= Peracuta =

17th-century leader of the Appomattoc tribe

Peracuta (also spelled Perecuta or Perecute) (birth year unknown – c. 1690) was a 17th-century leader of the Appomattoc tribe in what is now the U.S. state of Virginia. During his reign, he worked with the English colony of Virginia in an attempt to recapture the former power of past paramount chiefs and maintain peaceful unity among the tribe under his leadership.

== Life and rule ==
Peracuta was a respected warrier within the Appomattoc tribe. By the 1660s, Peracuta had become the new weroance of the tribe.

In September 1671, Peracuta was the guide for settlers and explorers Thomas Batts and Robert Fallam on their "Batts and Fallam Expedition" within the borders of present-day West Virginia.
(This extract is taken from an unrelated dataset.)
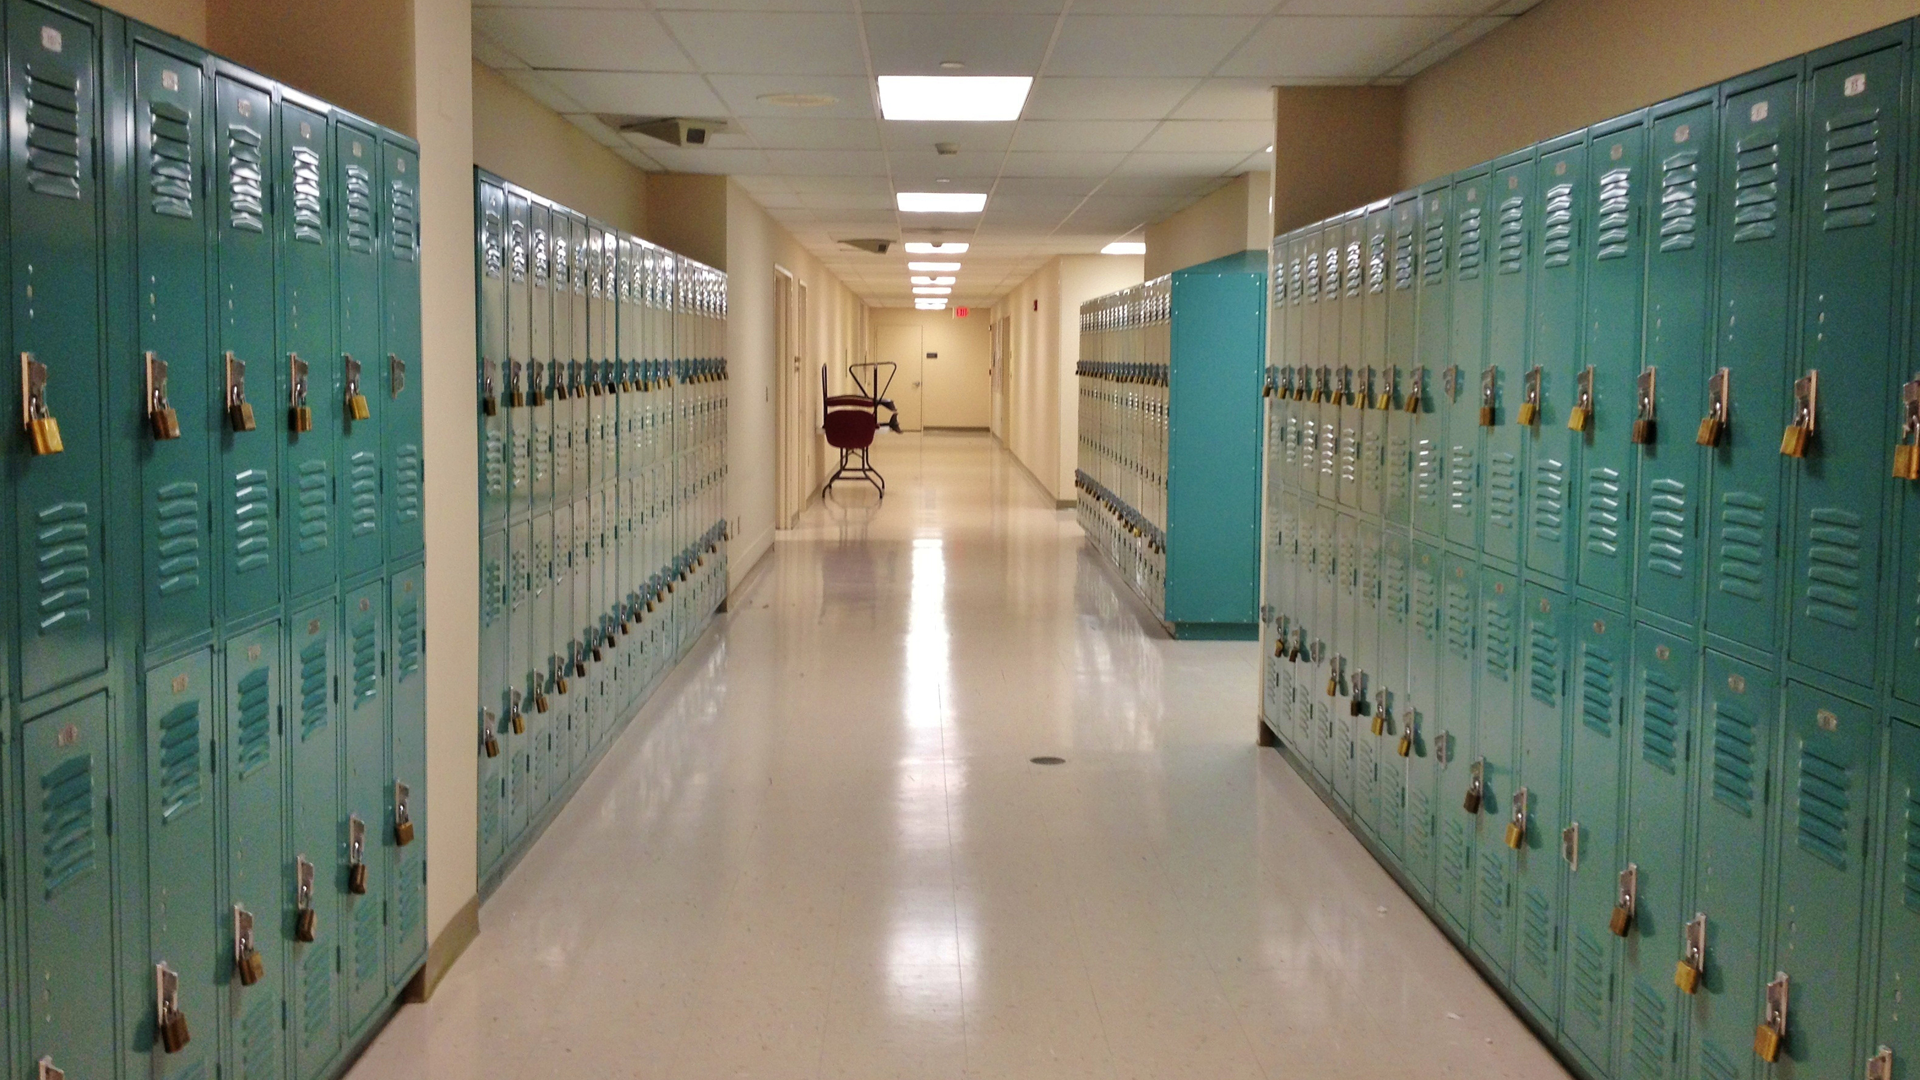 A high school corridor

They were acting under a commission granted to Abraham Wood "for finding out the ebbing and flowing of the water behind the mountains, in order to the discovery of the South Sea" and authorized by the Virginia House of Burgesses.

The expedition is credited with discovering Woods River, now called the New River. Before leaving and returning home, the party formally declared the river to be a part of the realm of Charles II. Batts and Fallam branded a series of trees with marking irons representing Governor William Berkeley and the sponsor of the expedition, Abraham Wood. They also branded a tree in honor of their trusted guide, Peracuta.

In 1675, the tribe requested that Peracuta be granted permission to plant and clear any land that was note occupied by British Colonists. During this period, the request was granted and Peracuta was formally recognized as "King of the Appomattoc" by the Virginia General Assembly and Governor Berkeley.

Peracuta's time in leadership was met with severe hardship and persecution for Native peoples. The Appomattoc village was destroyed as a result of Bacon's Rebellion in 1676, and in the same year, the practice of slavery of Indians was re-introduced in Virginia colony, caused much suffering to the Appomattoc peoples.

While Peracuta was present at the ceremony for the signing of the Treaty of 1677 (also known as the "Treaty Between Virginia and the Indians" or "Treaty of Middle Plantation"), he was originally not allowed to sign it because some of the members of the Appomattoc tribe were accused of murder at the time. Peracuta was permitted by the British Crown to sign the 1680 annexure of the Treaty of 1677.

== Death ==
Records indicate that Peracuta died c. 1690 and was succeeded by a new weroance by April 1691.